= Ken Burnstine =

Kenneth G. Burnstine (died 16 June 1976) was an American drug smuggler and pilot who was described by the Associated Press in 1981 as "one of America's most daring drug smugglers". At the time of his death in an aircraft accident, Burnstine was cooperating with federal prosecutors having been sentenced to seven years in prison for conspiracy to create a $500m drug trafficking ring based in Fort Lauderdale, Florida. The North American P-51 Mustang in which Burnstine crashed while approaching Mojave Airport was the aircraft with which he had won the 1974 Reno Air Races.

==Career==
After graduating from Northwestern University, Burnstine enlisted in the US Marines in July 1954. He served in Korea in 1955 before being sent to Marine Aircraft Group 11 in Atsugi, Japan, where he was given counterintelligence credentials. In March 1956 Burnstine was told to report to a Navy flight school in Pensacola, Florida, but was ultimately discharged into the Navy reserves, and went on to obtain pilot credentials at a private flight school in Alabama. Burnstine later moved to Fort Lauderdale, Florida, where he set up Florida Air International, which was involved drugs and arms smuggling. In the 1960s Burnstine financed the construction of the "landmark" KenAnn Building in Wilton Manors, Florida, named for himself and his first wife Ann; an 8-storey circular building, it was inspired by The Jetsons.
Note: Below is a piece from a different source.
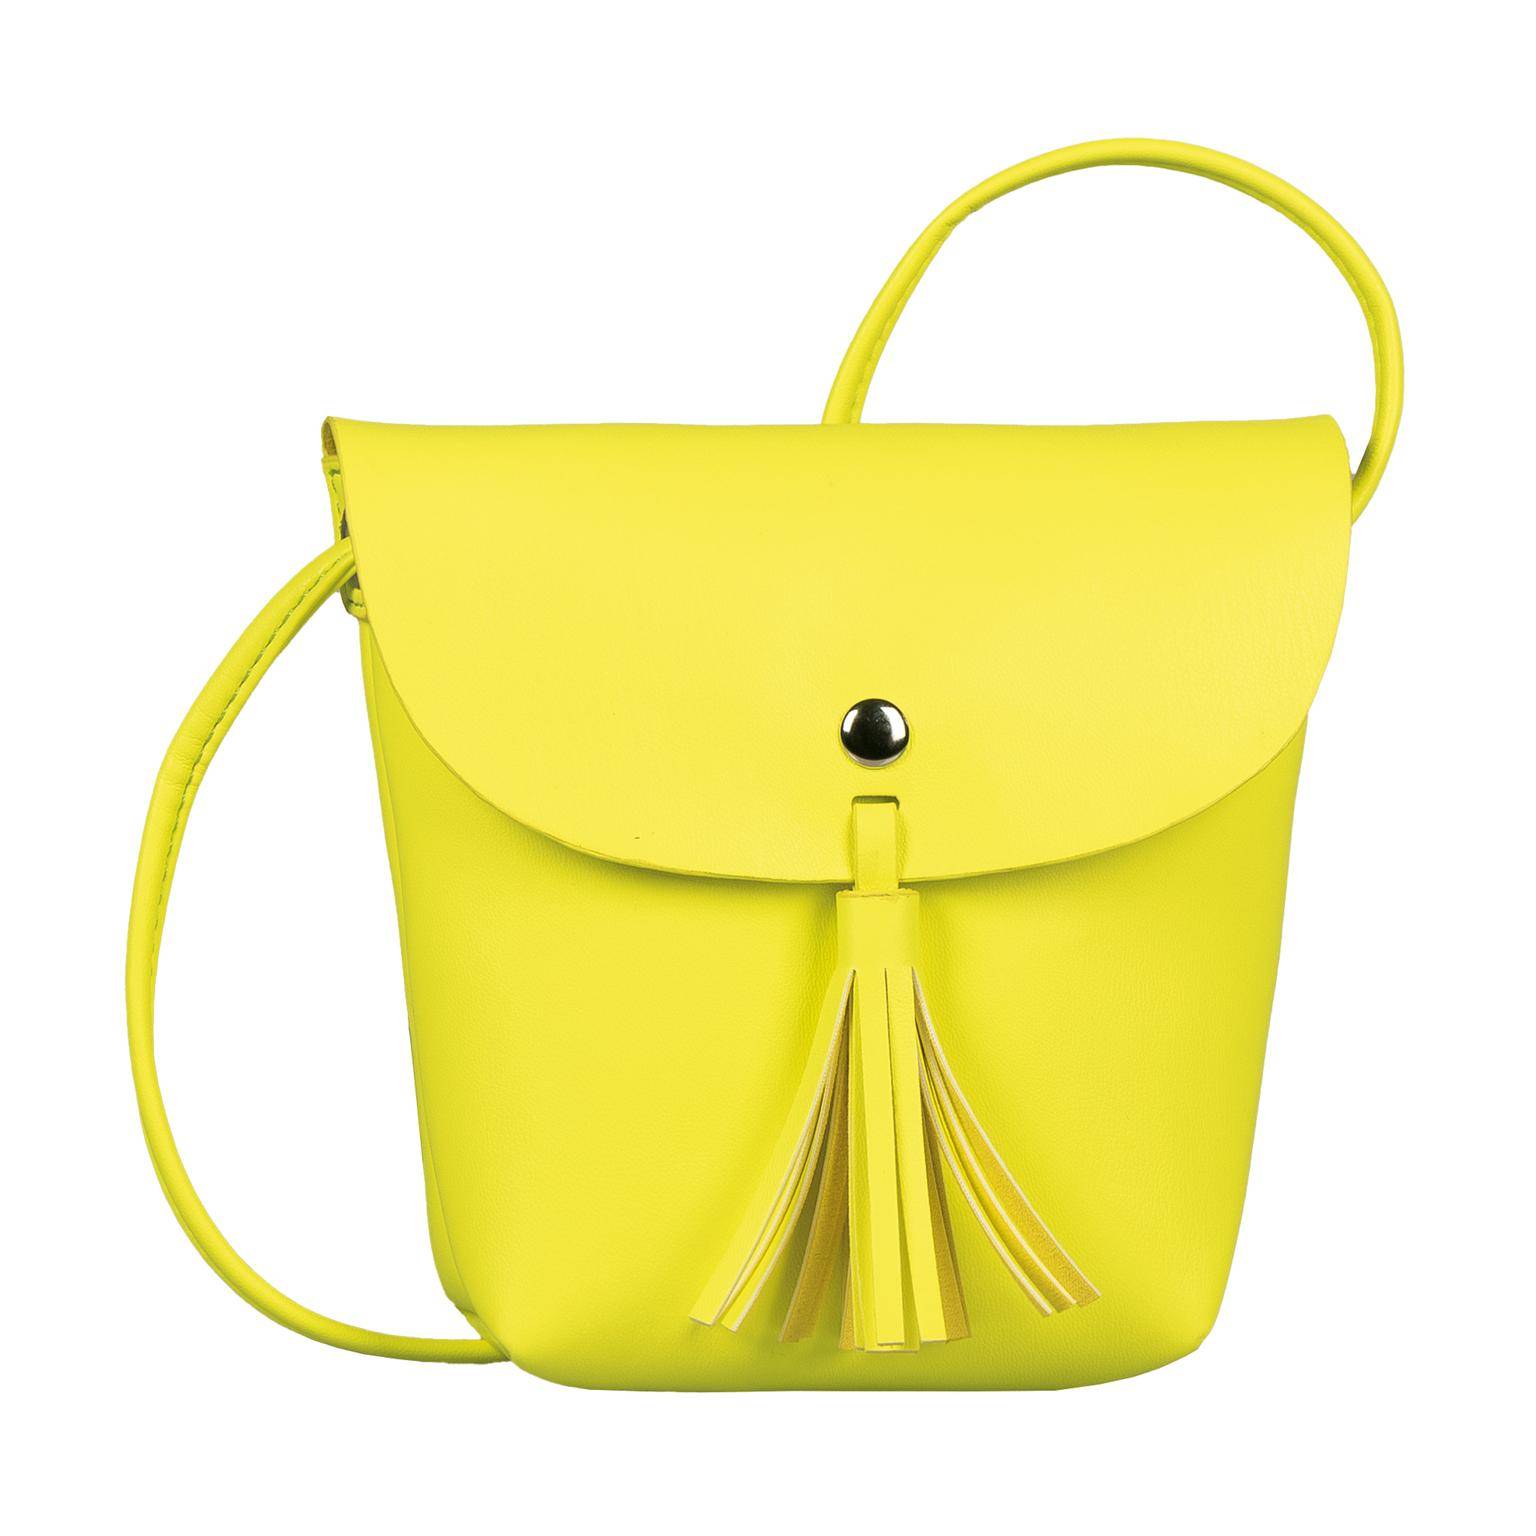 Женская сумка Tom Tailor Bags, желтая, цвет желтый, размер ONE SIZE

In January 1974 a pet lioness of Burnstine's escaped his property in Fort Lauderdale and attacked a child. Also in 1974, Burnstine won the Reno Air Races in a North American P-51 Mustang.
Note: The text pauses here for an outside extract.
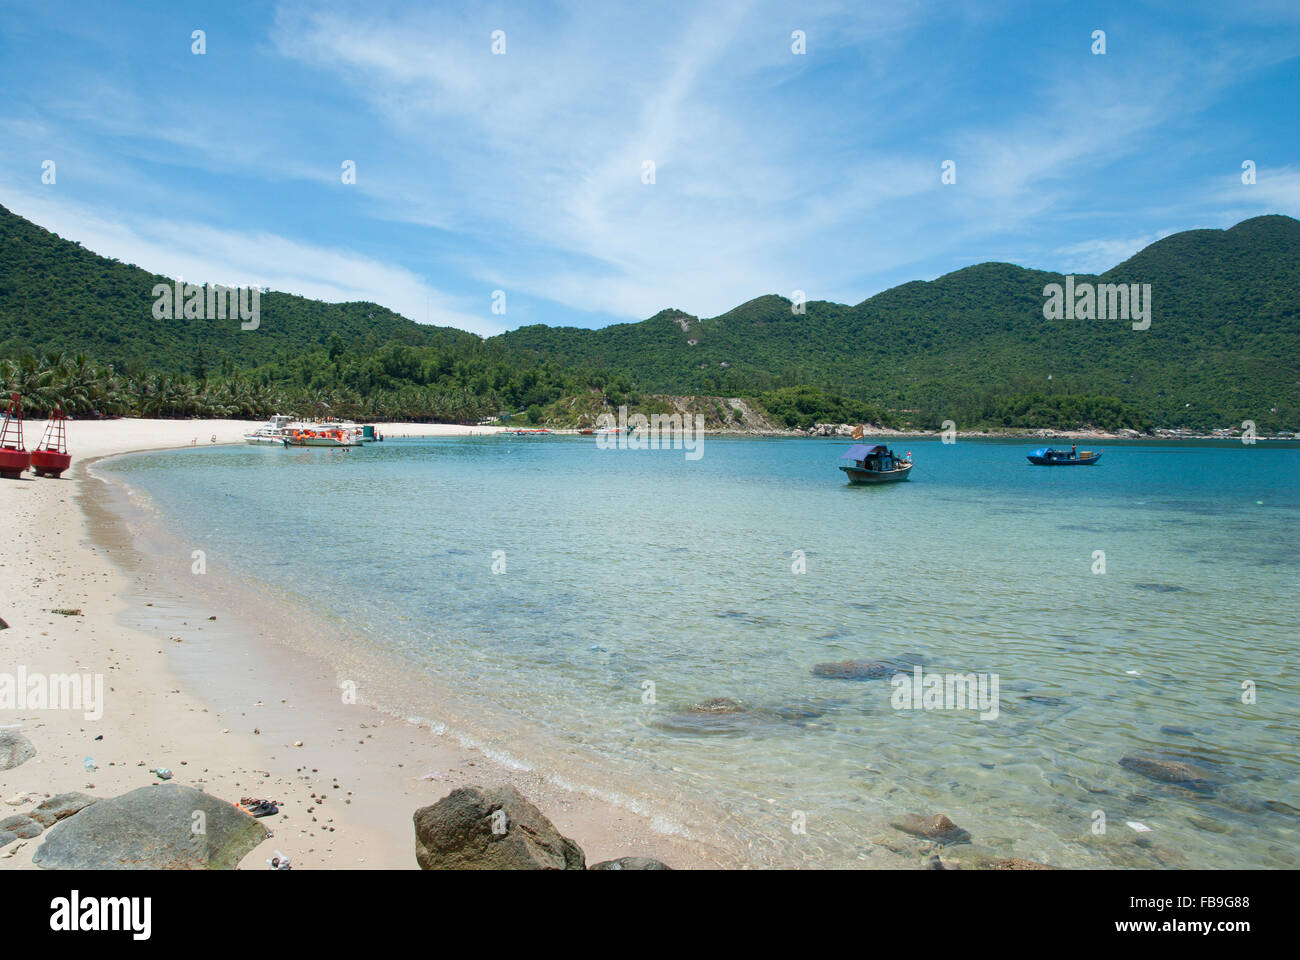 Ensoleillé et chaud tropical beach. Baie de Cham îles près de Hoi An Hoi An() et Da Nang() Danang, Vietnam central. Banque D'Images

In December 1974 Burnstine was arrested and charged with drug smuggling, with federal agents noting that three Lockheed Model 18 Lodestar aircraft that crashed with drugs on board in Florida in 1974 had been traced to Burnstine's leasing company. His P-51 crashed before he was indicted in February 1975, and became an informant in several drug cases, including one involving Mitchell WerBell III.